Майкл Слакман приводит слова иранского ученого, много лет прожившего в Англии и Соединенных Штатах, профессора Киан Таджбахша:
«Да» на Западе означает «да». В Иране это может означать «может быть» или даже «нет». Иранцы знают, что слова их собеседника не обязательно означают то, что на деле подразумевается. Это создает богатую, многомерную лингвистическую культуру, в которой люди привыкли иметь дело с нюансами. С другой стороны, такой язык непригоден для политического дискурса. В европейских языках 70% слов денотативны, в персидском – 80% слов коннотативны.
Денотация, коннотация – термины как лингвистики, так и современной логики; упрощенно, первое – это отнесение к прямому значению понятия, выражаемого словом, второе – смысловое поле, в котором присутствует многообразные оттенки, ассоциации, возникающие вокруг какого-нибудь понятия или слова. Это как бы прямой смысл и метафора. Майкл Слакман продолжает:
Американцы говорят так, что их слова прямо означают цель их высказывания. Иранцы же – поэты, они употребляют слова так, как будто это краски – оттенки, нюансы, скрытые значения. Вы хвалите человека, но это не означает, что он вам нравится. Вы приглашаете его к себе, но отнюдь не хотите, чтобы он пришел. Вы что-то обещаете, но это не значит, что вы исполните обещанное. Иранцы понимают это.

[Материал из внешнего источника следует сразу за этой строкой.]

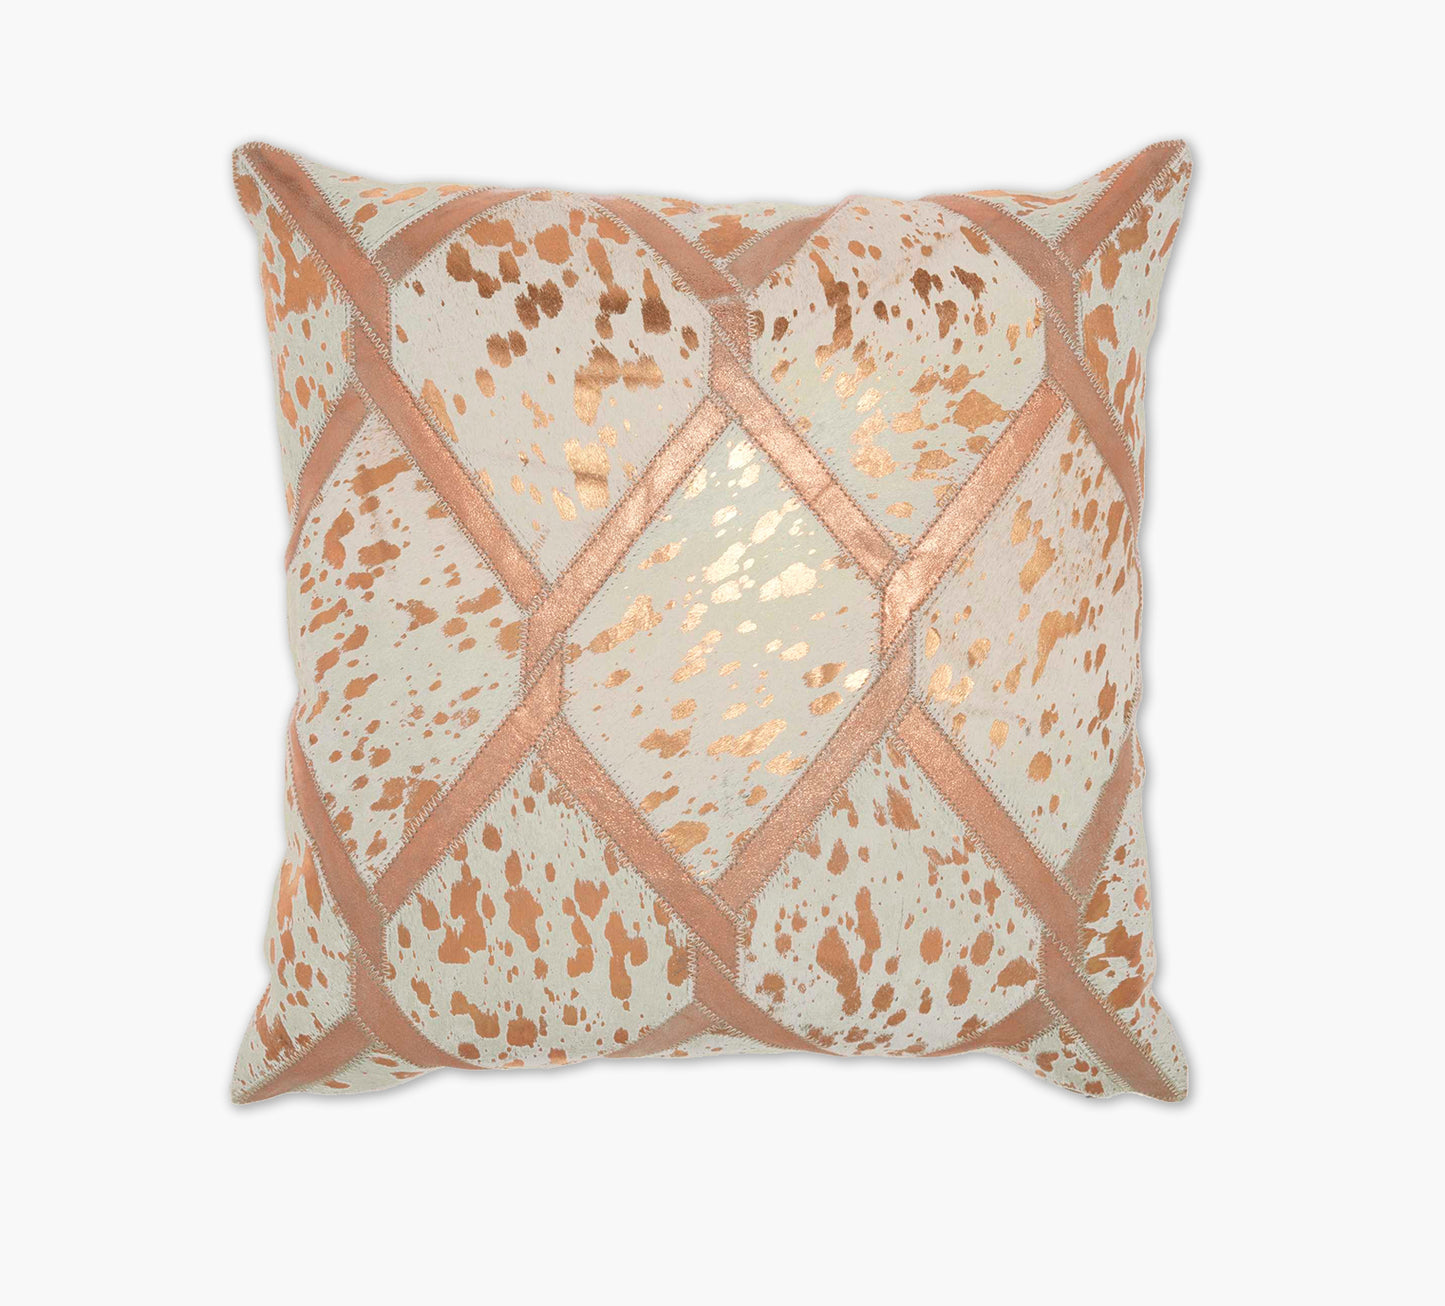 Natural Leather Hide Rose Gold Pillow 18 x 18

Интересное получается сочетание – поэзия и ложь. Нужно быть Смердяковым, сказавшим в отрочестве, когда его обучали грамоте и заставляли читать «Вечера на хуторе близ Диканьки»: всё про неправду написано. Можно и Пикассо вспомнить, сказавшего: искусство – это ложь, которая правдивее правды. Или Горького: в мемуарах Ходасевича приведен случай, когда Горький уверял одного посетителя, зная, что отец его расстрелян, — что тот жив. Горький вообще был лгун, и ненавидел себя за это, поэтому всячески отрекался от своего величайшего создания старца Луки из пьесы «На дне». «Честь безумцу, который навеет человечеству сон золотой» — метафизический эпиграф пьесы. Чуковский писал в дневнике в 1919 году, что Горький, как всякий талантливый русский человек, любит лгать, говорит одному то, что не скажет другому, и наоборот. Тут мы видим непозволительность поэтического мировоззрения в житейских отношениях. Но иранцы, как нам объяснили, — поэты. Религия тоже ведь форма поэтического сознания, ее язык насквозь метафоричен. Вспомните библейский рассказ о семи днях творения или Христа. В религии даже простые гигиенические или кулинарные правила приобретают сакральный смысл религиозных законов — все эти омовения и опресноки. Религиозный фанатизм, овладевший нынешним Ираном, — это некая поэтическая регрессия, исходящая из самого духа языка, главного орудия поэзии. Это не значит, что на Западе нет поэзии, это значит, что западные люди поняли неуместность поэтического мироотношения в практических делах. Если угодно, это и есть прогресс.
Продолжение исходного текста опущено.